卵巣嚢腫が妊娠に与える影響は、嚢腫のサイズと種類によって異なります。大きな卵巣嚢腫は卵巣組織を圧迫することで、卵子の成熟や排卵のメカニズムに悪影響を及ぼす可能性があります。特にチョコレート嚢胞(子宮内膜症性卵巣嚢腫)は不妊の大きな要因となりやすく、慢性的な炎症により卵管や卵巣の機能が低下することがあります。

参考)卵巣嚢腫と不妊:症状、影響、そして対策 – 三軒茶屋Artク…


妊娠中に卵巣嚢腫が発見された場合、妊娠週数や嚢腫のサイズを考慮して対応が決定されます。
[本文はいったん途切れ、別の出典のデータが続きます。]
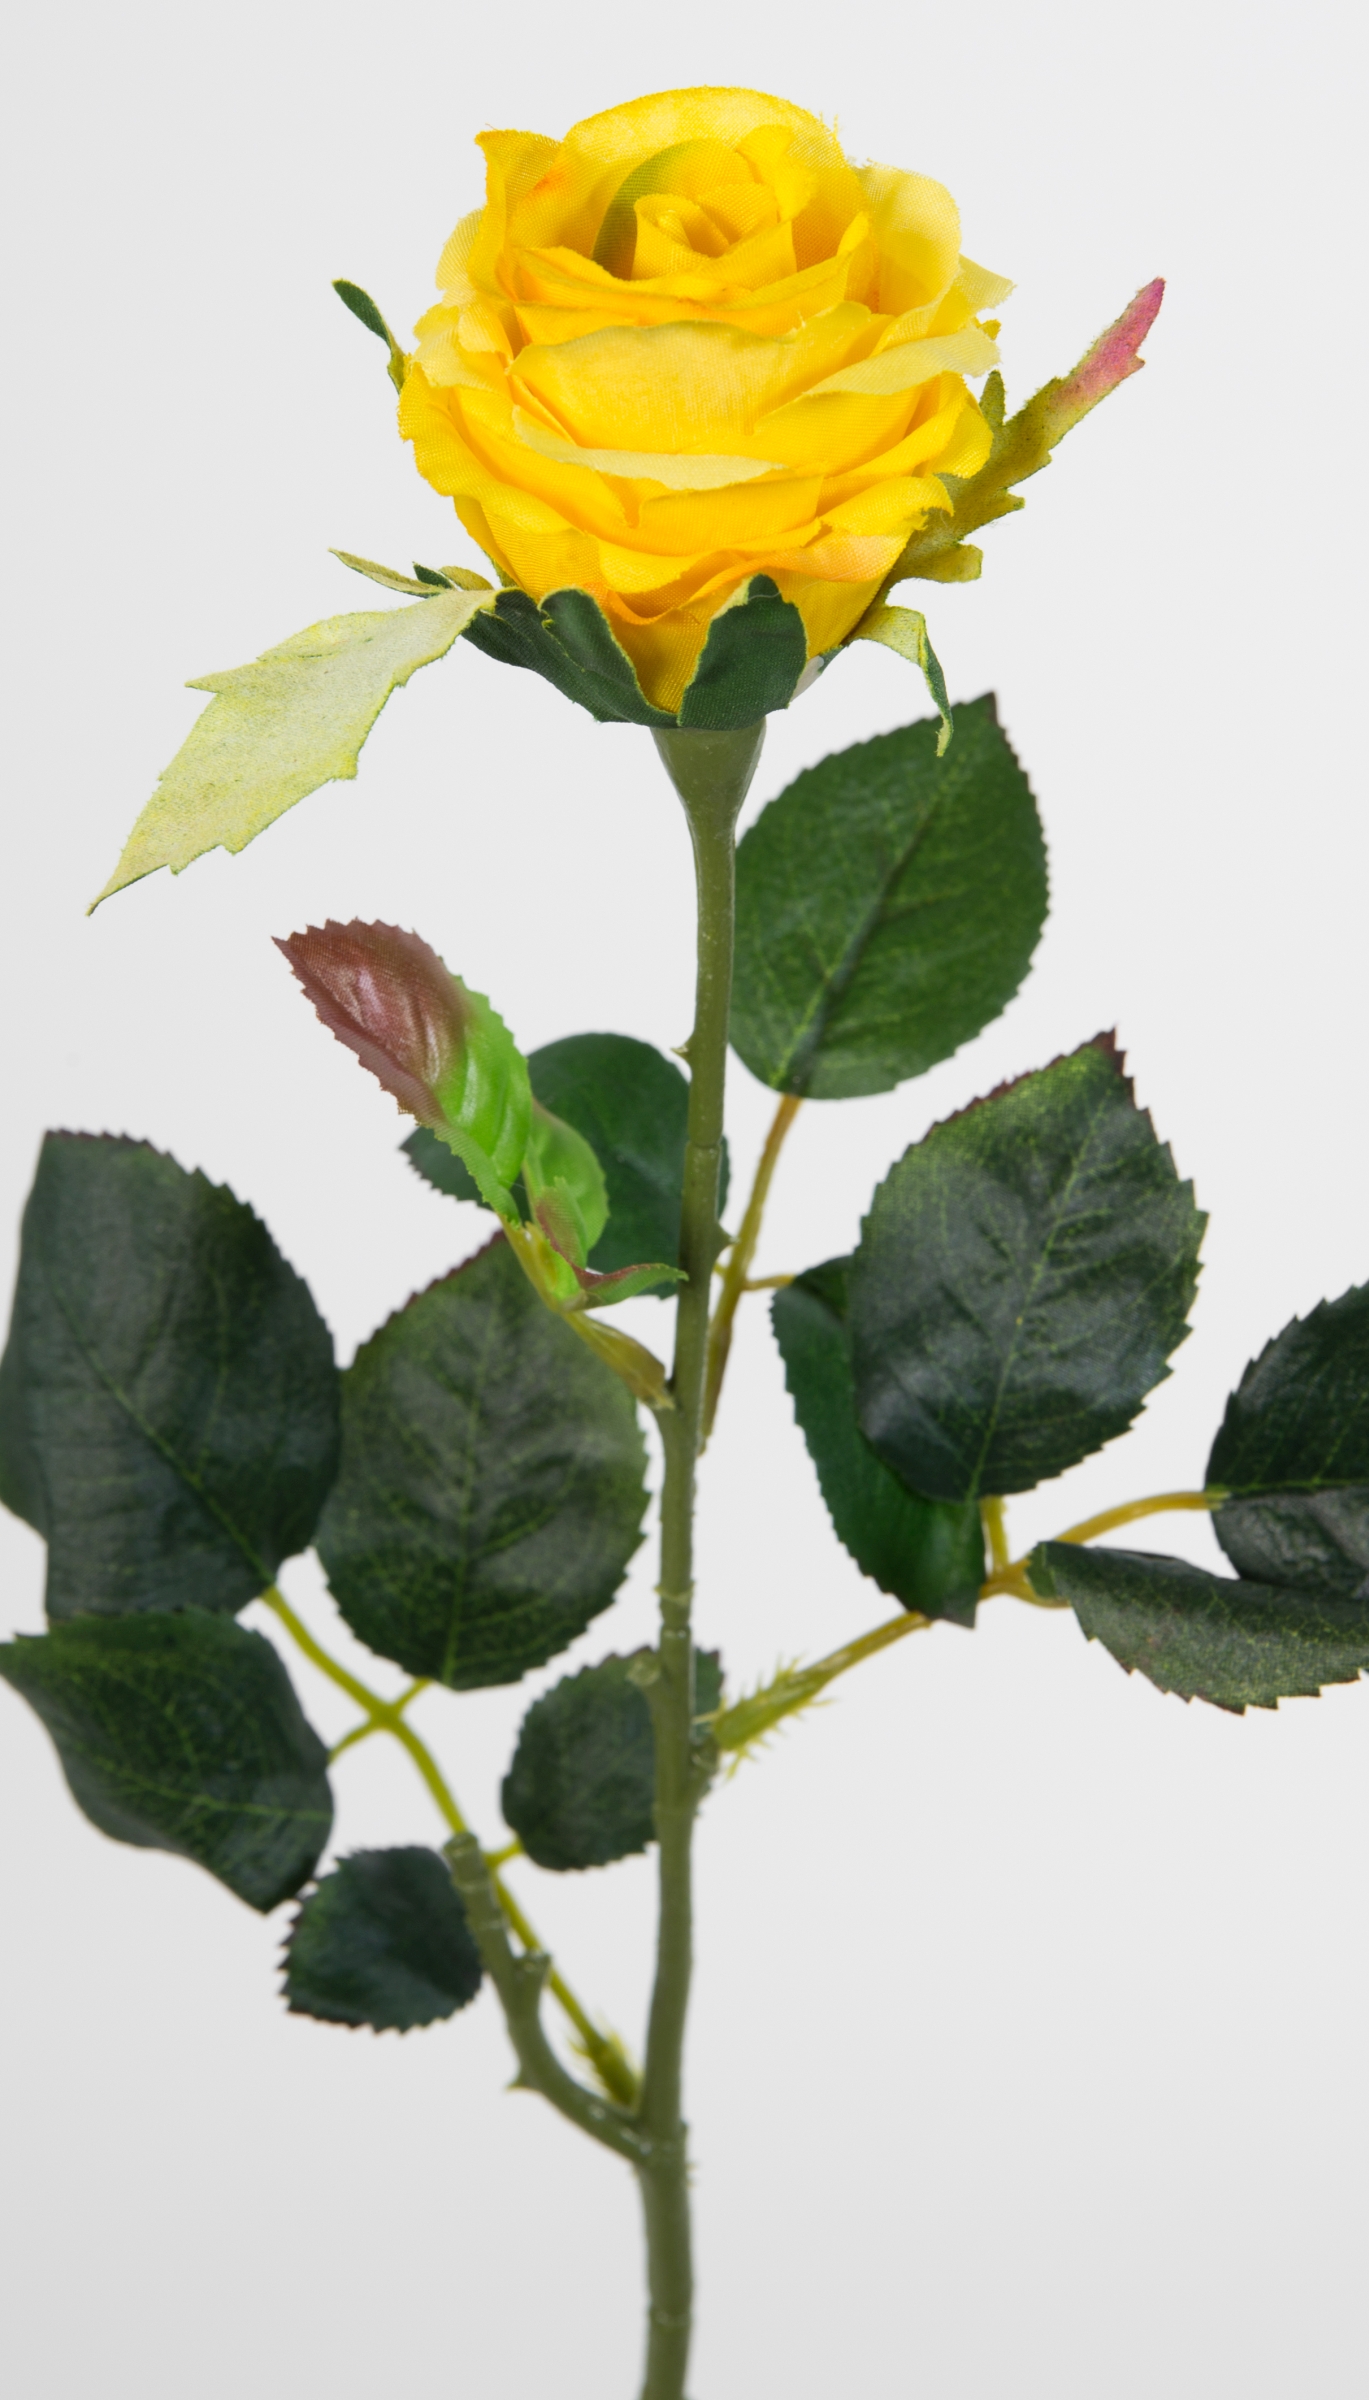 Rose Elena Kunstblumen Seidenblumen Rosen Blumen künstliche gelb 45cm PM

妊娠初期に茎捻転を起こすと緊急手術が必要になることもあり、母体と胎児の両方にリスクが生じます。妊娠を希望する場合には、卵巣機能を維持するためにも、適切なタイミングでの手術を検討することが重要です。

参考)https://assets.cureus.com/uploads/case_report/pdf/189654/20231107-19356-1kk6d3v.pdf


チョコレート嚢胞は約1%が悪性化するリスクがあり、特に40歳以上や10cm以上の大きさの場合には注意が必要です。不妊治療を検討している女性で卵巣嚢腫が見つかった場合は、生殖医療専門医との相談により、手術のタイミングや治療方針を決定します。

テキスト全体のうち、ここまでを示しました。